The McDonnell F-101 Voodoo was a supersonic jet fighter which served the United States Air Force (USAF) and the Royal Canadian Air Force (RCAF). Initially designed by McDonnell Aircraft as a long-range bomber escort (known as a penetration fighter) for the Strategic Air Command (SAC), the Voodoo was instead developed as a nuclear-armed fighter-bomber for the Tactical Air Command (TAC), and as a photo reconnaissance aircraft based on the same airframe. Extensively modified versions were produced as an all-weather interceptor aircraft, serving with the Air Defense Command, later renamed the Aerospace Defense Command (ADC), the Air National Guard, the Royal Canadian Air Force and the unified Canadian Forces after 1968.



(USAF F-101B Voodoo)



(A Canadian CF-101B Voodoo protecting the great white north)
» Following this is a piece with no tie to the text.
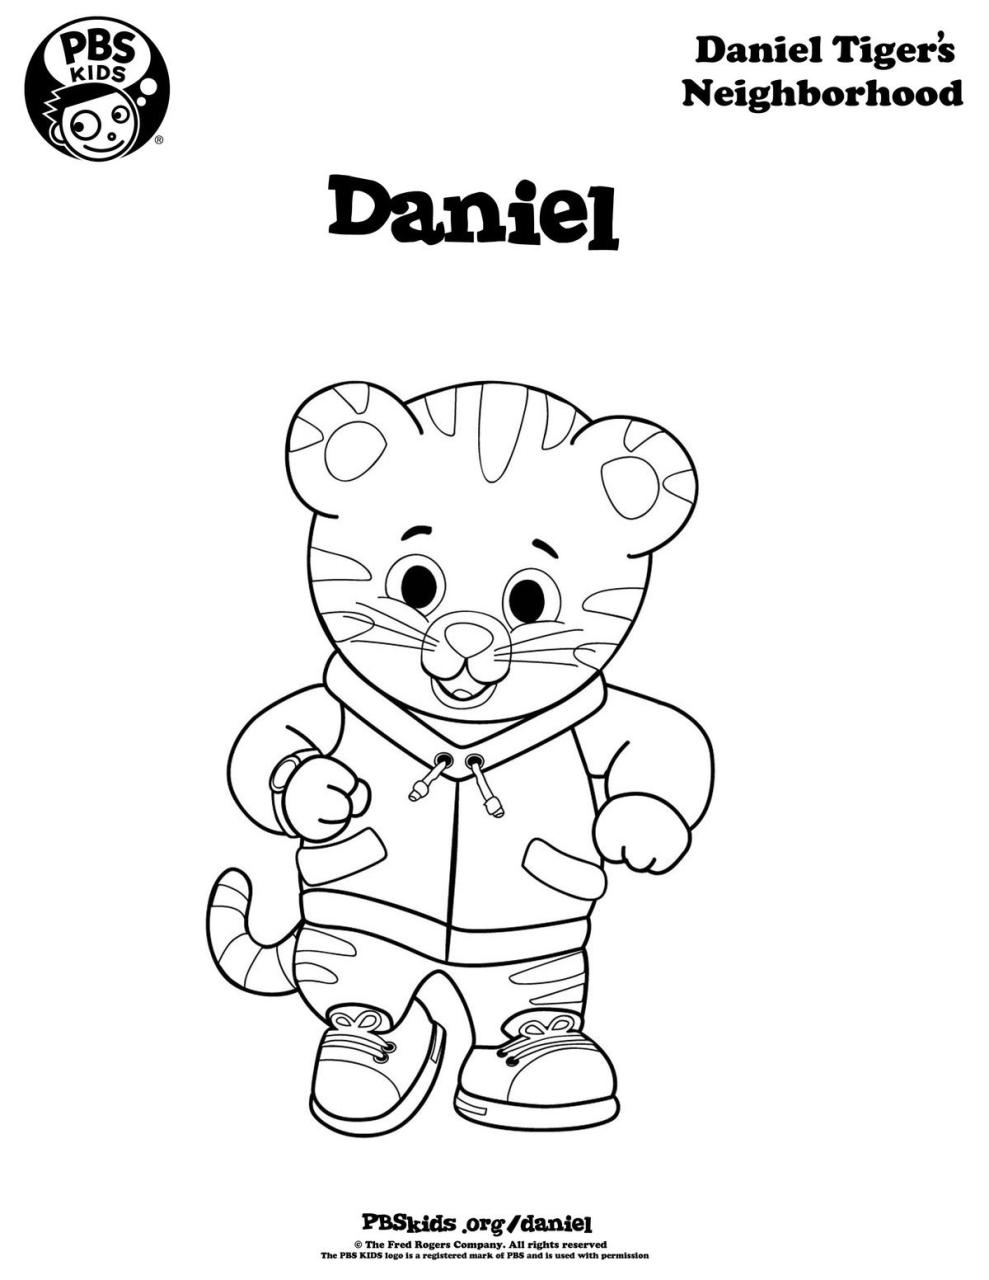 Daniel Tiger Coloring Pages

(A Canadian CF-101B Voodoo, firing an AIR-2 Genie nuclear rocket - In case of war this air-to-air unguided rocket would be tipped with a nuclear warhead)



F-101B / CF-101B / EF-101B

In the late 1940s, the Air Force had started a research project into future interceptor aircraft that eventually settled on an advanced specification known as the 1954 interceptor. Contracts for this specification eventually resulted in the selection of the F-102 Delta Dagger, but by 1952 it was becoming clear that none of the parts of the specification other than the airframe would be ready by 1954; the engines, weapons and fire control systems were all going to take too long to get into service. An effort was then started to quickly produce an interim supersonic design to replace the various subsonic interceptors then in service, and the F-101 airframe was selected as a starting point.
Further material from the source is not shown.